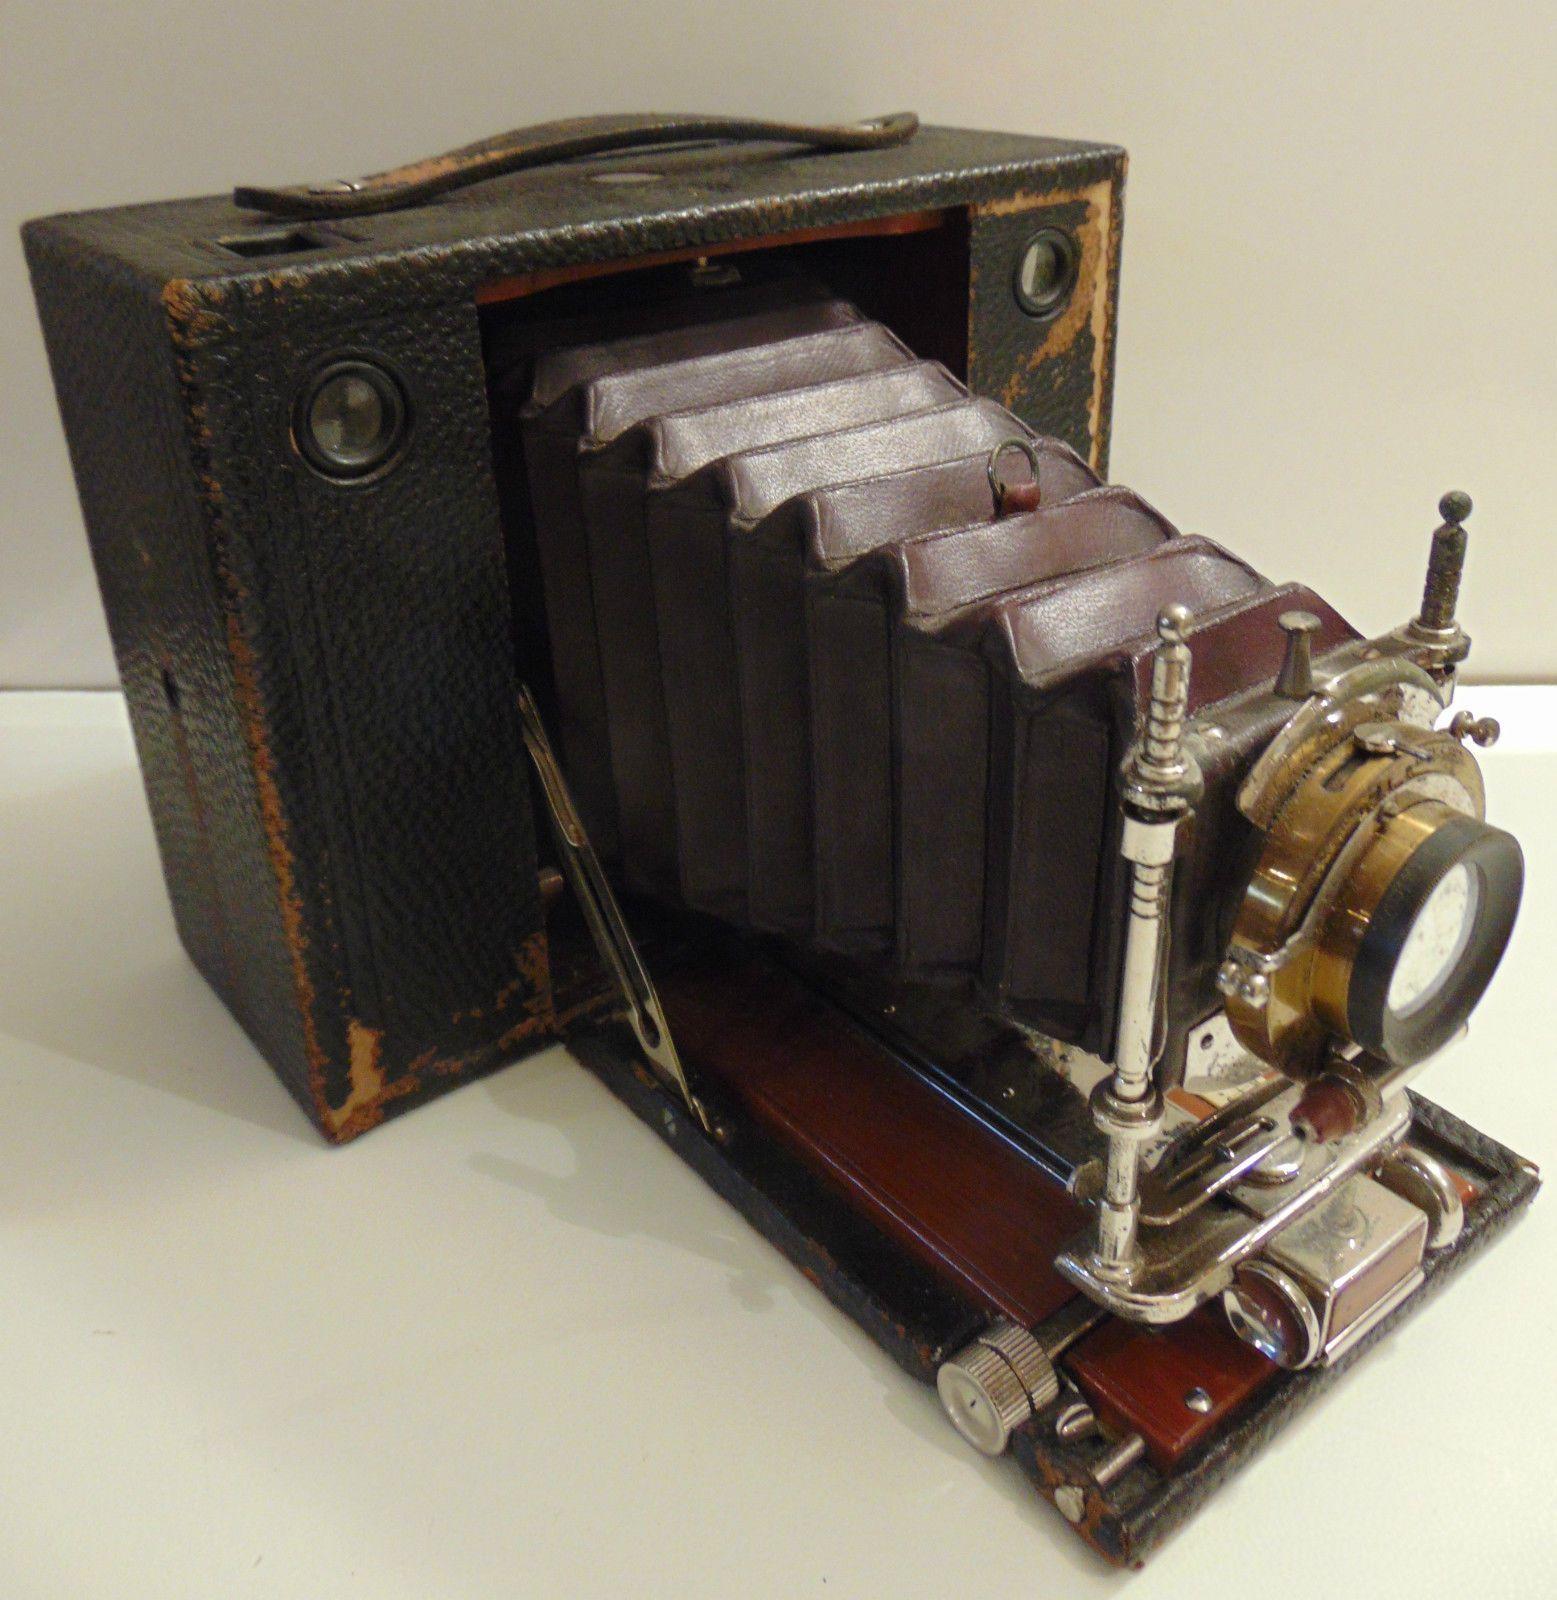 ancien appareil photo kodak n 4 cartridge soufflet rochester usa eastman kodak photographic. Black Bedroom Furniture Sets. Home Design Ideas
---------------
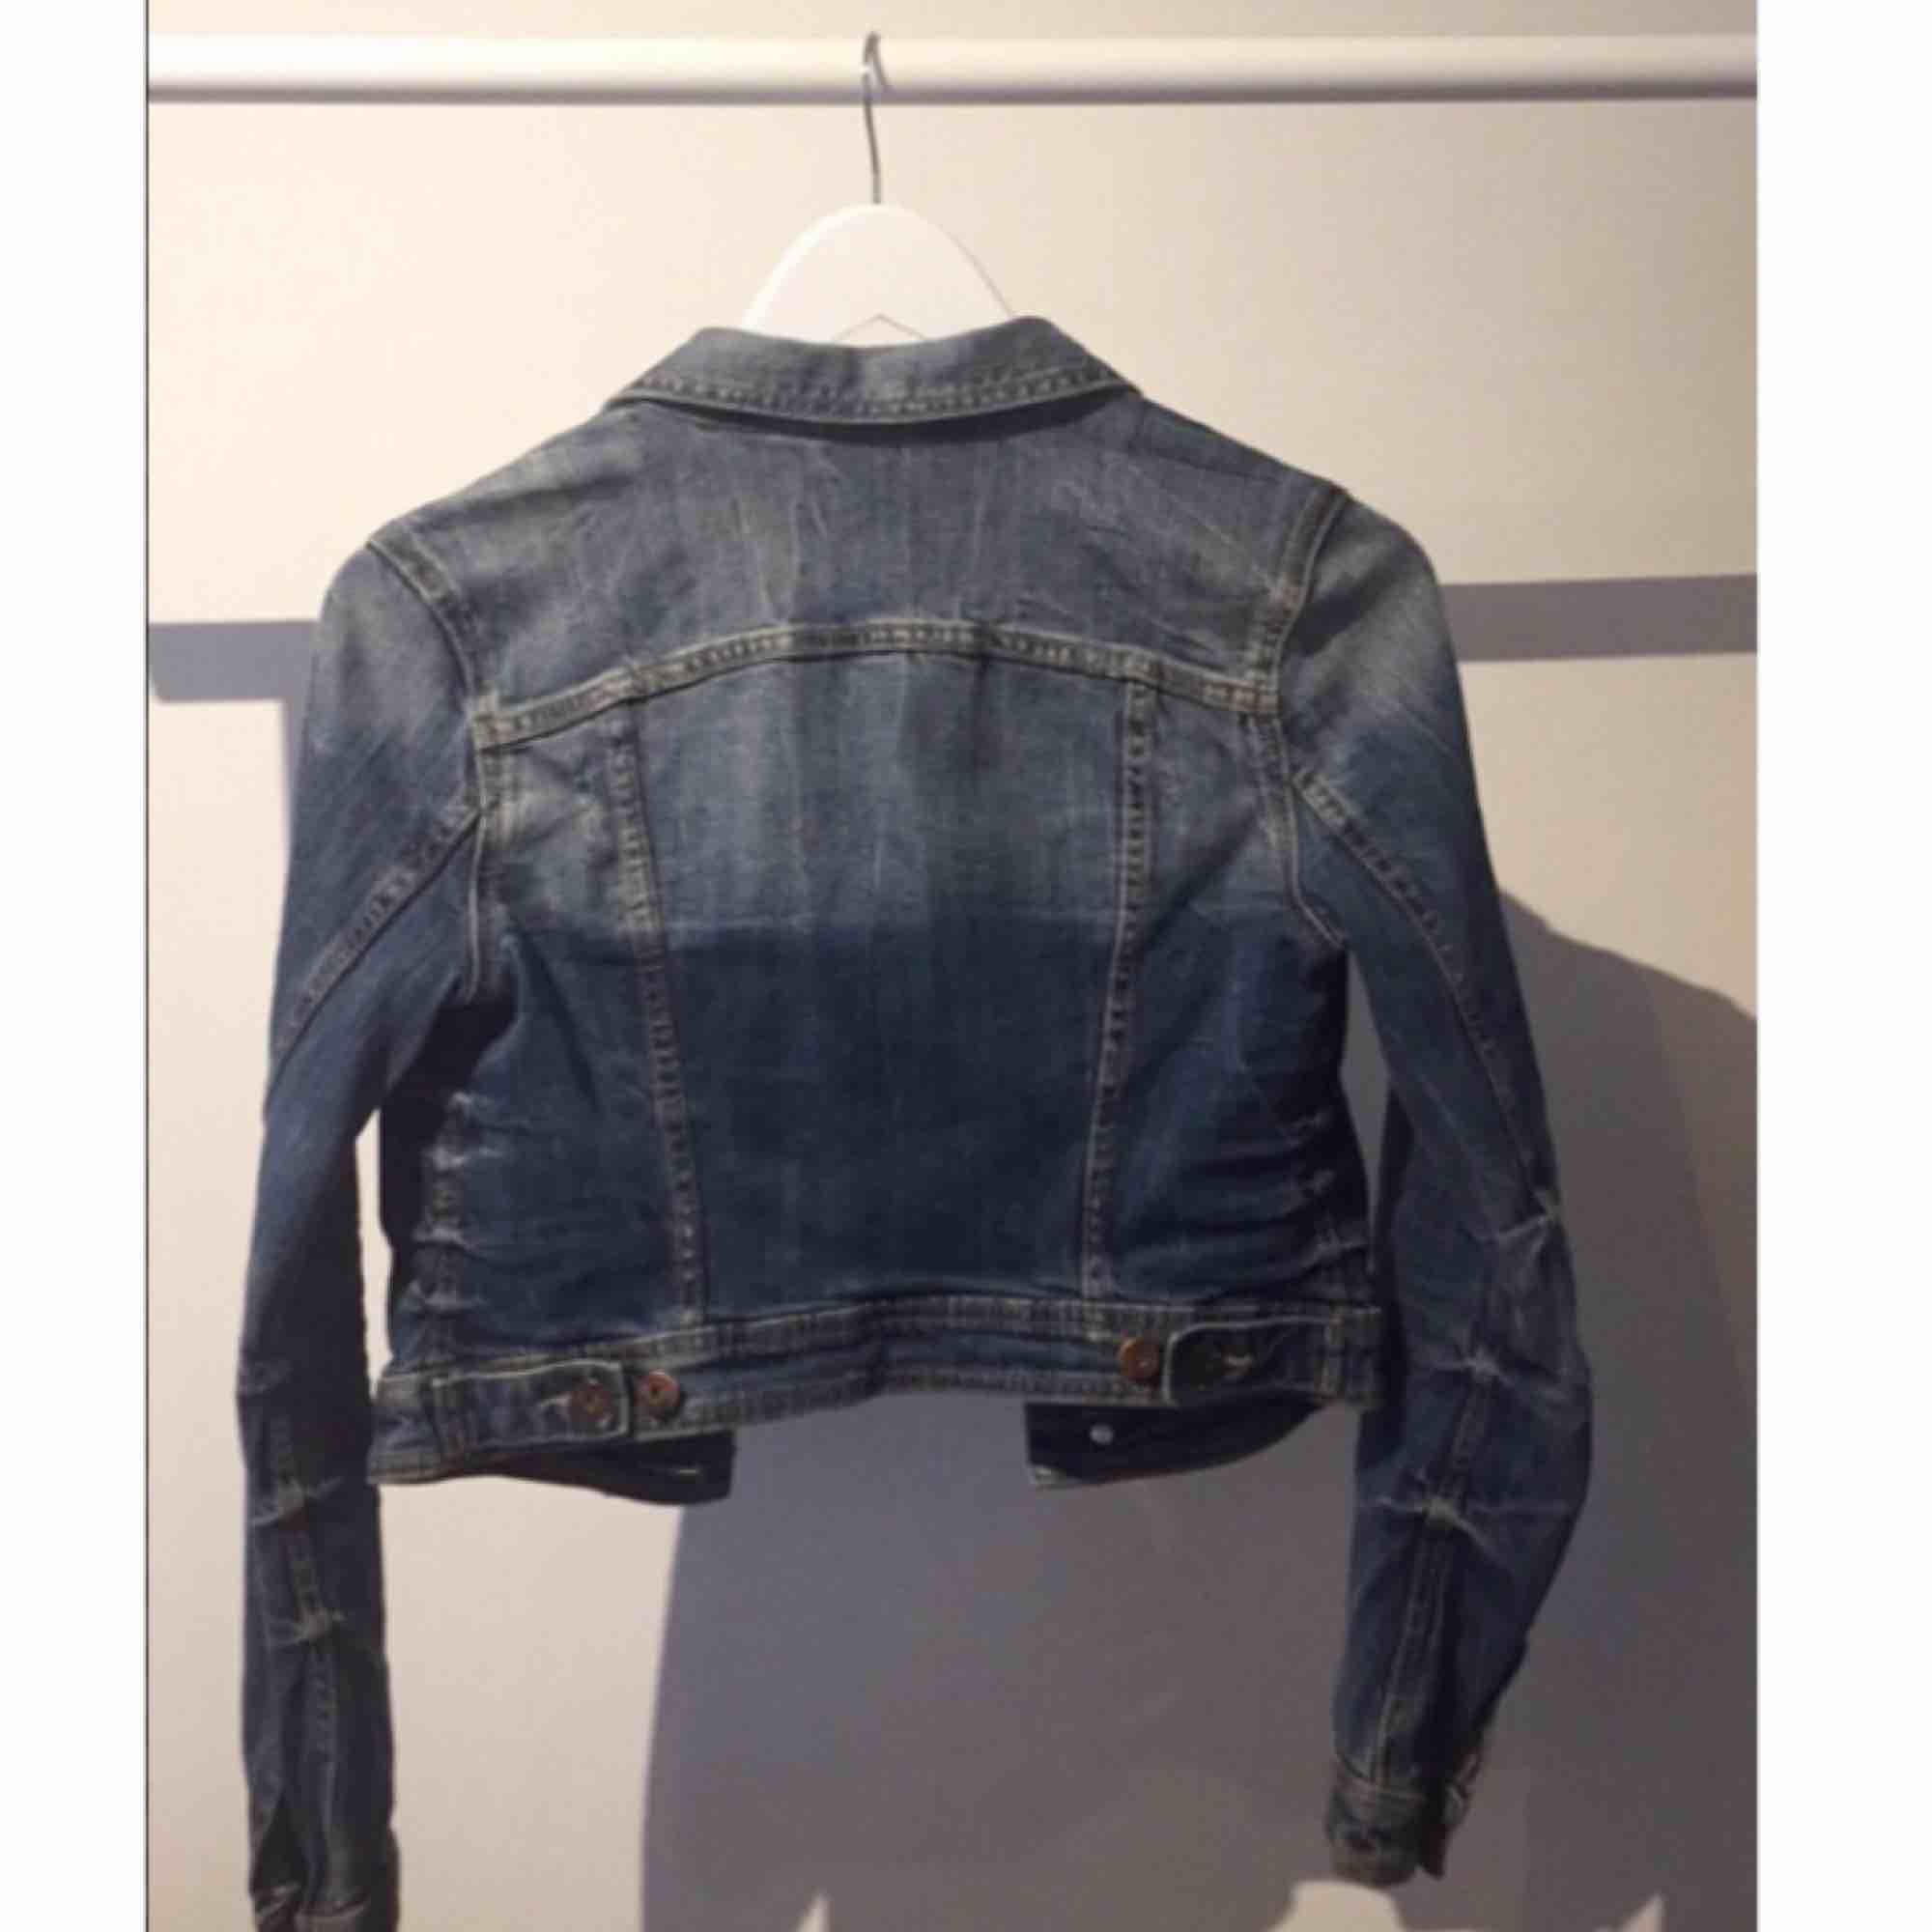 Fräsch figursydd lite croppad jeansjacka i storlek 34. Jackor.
---------------
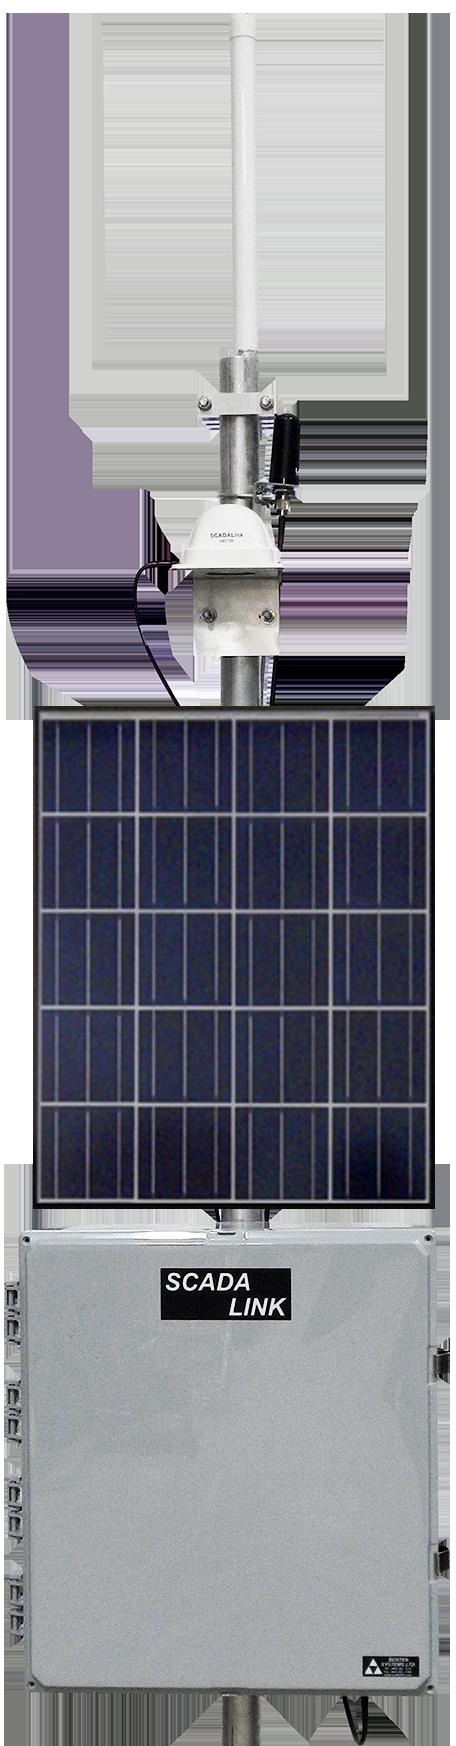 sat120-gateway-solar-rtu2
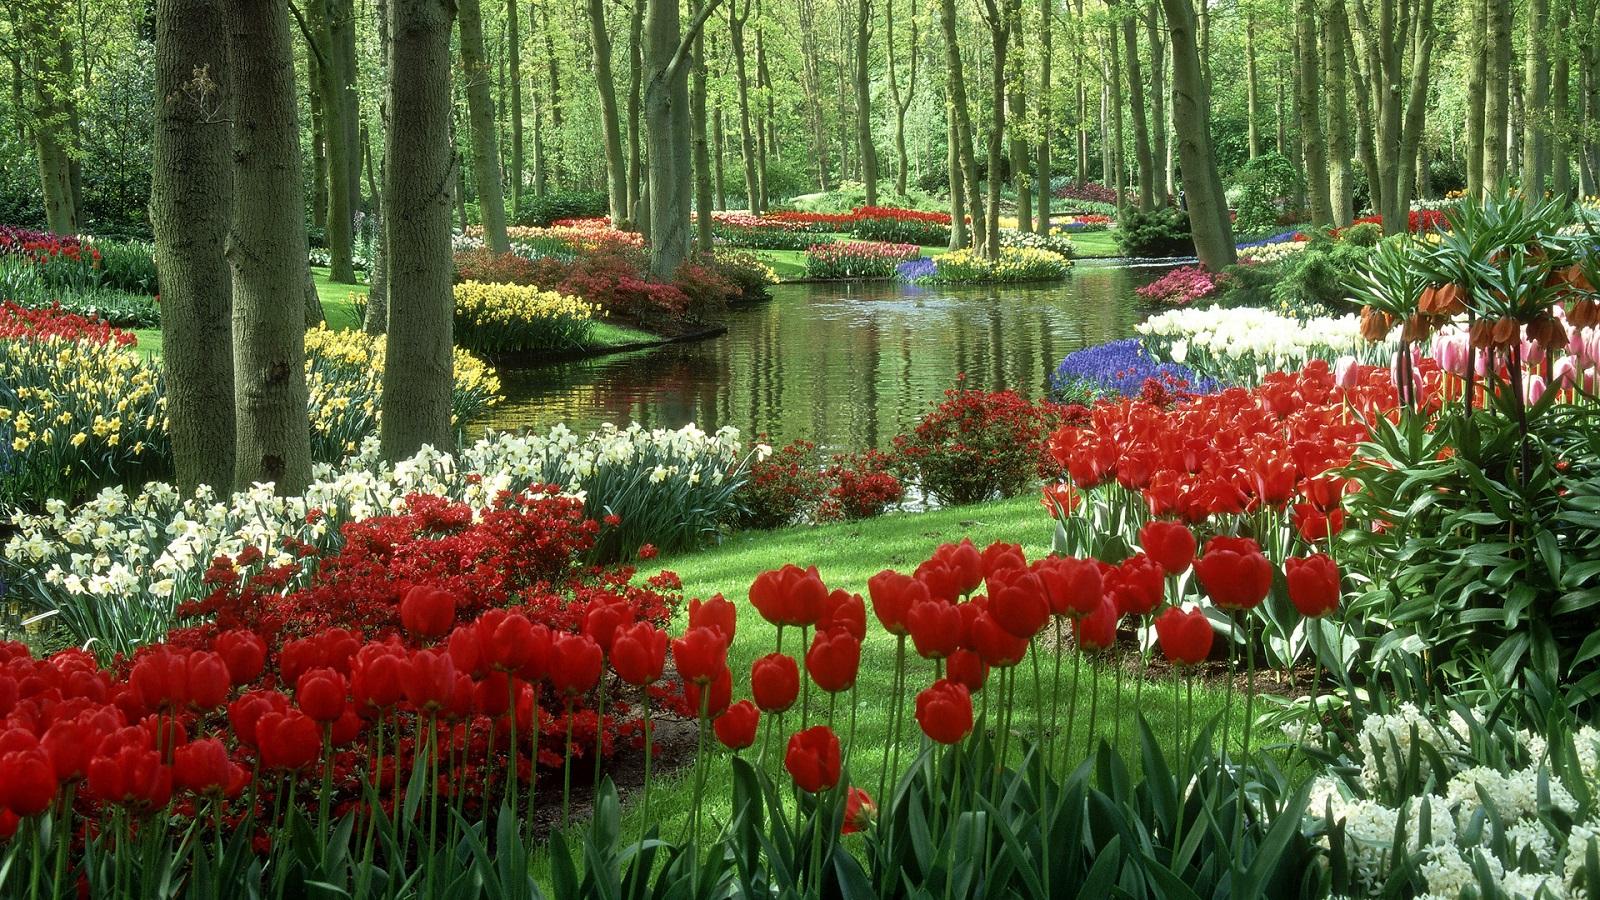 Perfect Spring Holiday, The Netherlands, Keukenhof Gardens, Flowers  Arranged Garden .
---------------
Could you transcribe exactly the entries above, but only the lines from the one with "sat120-gateway-solar-rtu2" through the one with "Perfect Spring Holiday, The", and without pictures?

 sat120-gateway-solar-rtu2
 Perfect Spring Holiday, The Netherlands, Keukenhof Gardens, Flowers  Arranged Garden .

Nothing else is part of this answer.